Nader, Jaclynne H; Bourgeois, Florence; Bagatell, Rochelle; Moreno, Lucas; Pearson, Andrew D J; DuBois, Steven G.
Afiliação
  • Nader JH; UMass Chan Medical School, Worcester, Massachusetts, USA.
  • Bourgeois F; Harvard Medical School, Boston, Massachusetts, USA.
  • Bagatell R; Pediatric Therapeutics and Regulatory Science Initiative, Computational Health Informatics Program (CHIP), Boston Children's Hospital, Boston, Massachusetts, USA.
  • Moreno L; Department of Pediatrics, University of Pennsylvania Perelman School of Medicine and Children's Hospital of Philadelphia, Philadelphia, Pennsylvania, USA.
  • Pearson ADJ; Paediatric Oncology and Haematology Division, Vall d'Hebron Hospital, Barcelona, Spain.
  • DuBois SG; Division of Clinical Studies, Institute of Cancer Research, Royal Marsden Hospital, Sutton, UK.
Pediatr Blood Cancer ; 70(5): e30106, 2023 05.

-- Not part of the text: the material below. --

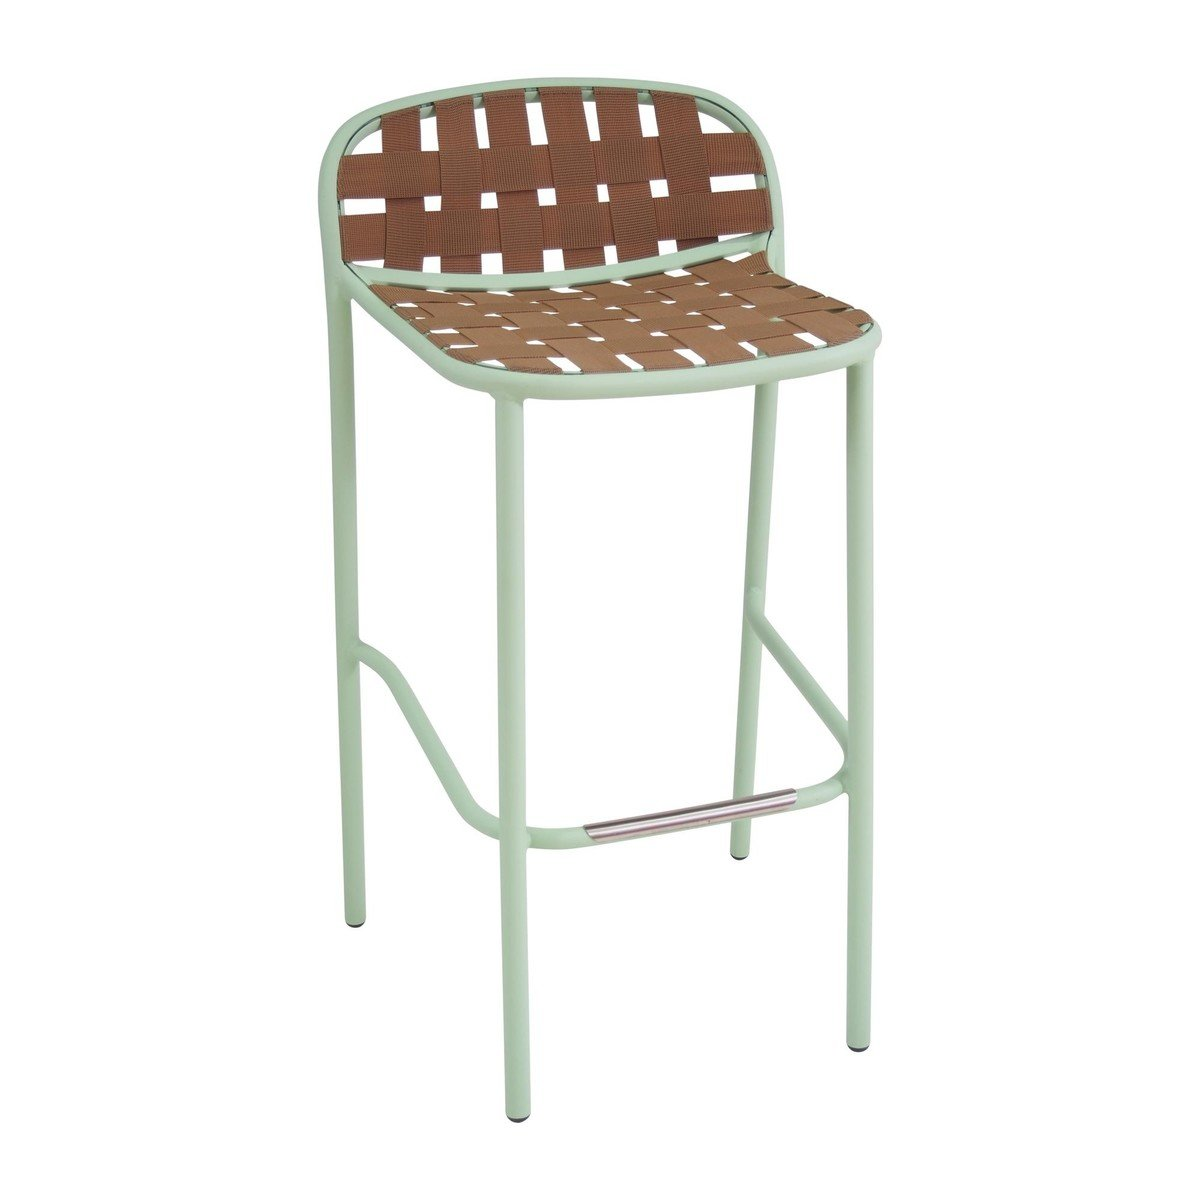 yard outdoor bar stool emu ambientedirect com

Article em En | MEDLINE | ID: mdl-36458672
BACKGROUND: Understanding the landscape of clinical trials for patients with neuroblastoma may inform efforts to improve drug development. PROCEDURE: We evaluated therapeutic trials for patients with neuroblastoma from 2011 to 2020 in our search using clinical trial information from ClinicalTrials.gov, Clinicaltrialregister.eu, PubMed, and American Society of Clinical Oncology (ASCO) annual meeting collection. Trends in trials and treatments over time were evaluated qualitatively. RESULTS: A total of 192 trials met inclusion criteria. A median of 20.5 trials were started per year, which was stable over time. There were 87 (45%) phase 1, 100 (51%) phase 2, and only five (2.6%) phase 3 trials. The median time to completion was 4.9 years for phase 1 and 2 trials (no phase 3 trials reported as completed during the study period). In all, 34% of trials were international, while 20% of trials were intercontinental. Eighty-nine percent of nonmyeloablative trials included at least one novel agent. 48% of these trials studied combination therapies, and 86% of these combinations included conventional chemotherapy. Among 157 trials that included a targeted agent, 78 targets were identified, with GD2 being the primary target under investigation in 16.7% of these trials. Only eight trials were included in regulatory decisions, which led to European Medicines Agency (EMA) or Food and Drug Administration (FDA) approval for neuroblastoma. CONCLUSIONS: The large number of trials initiated per year, the range of targets, and the rate of intercontinental collaboration are encouraging. The paucity of late-stage trials, the prolonged trial duration, and relative lack of combination studies are major causes of concern. This work will inform future drug development for neuroblastoma.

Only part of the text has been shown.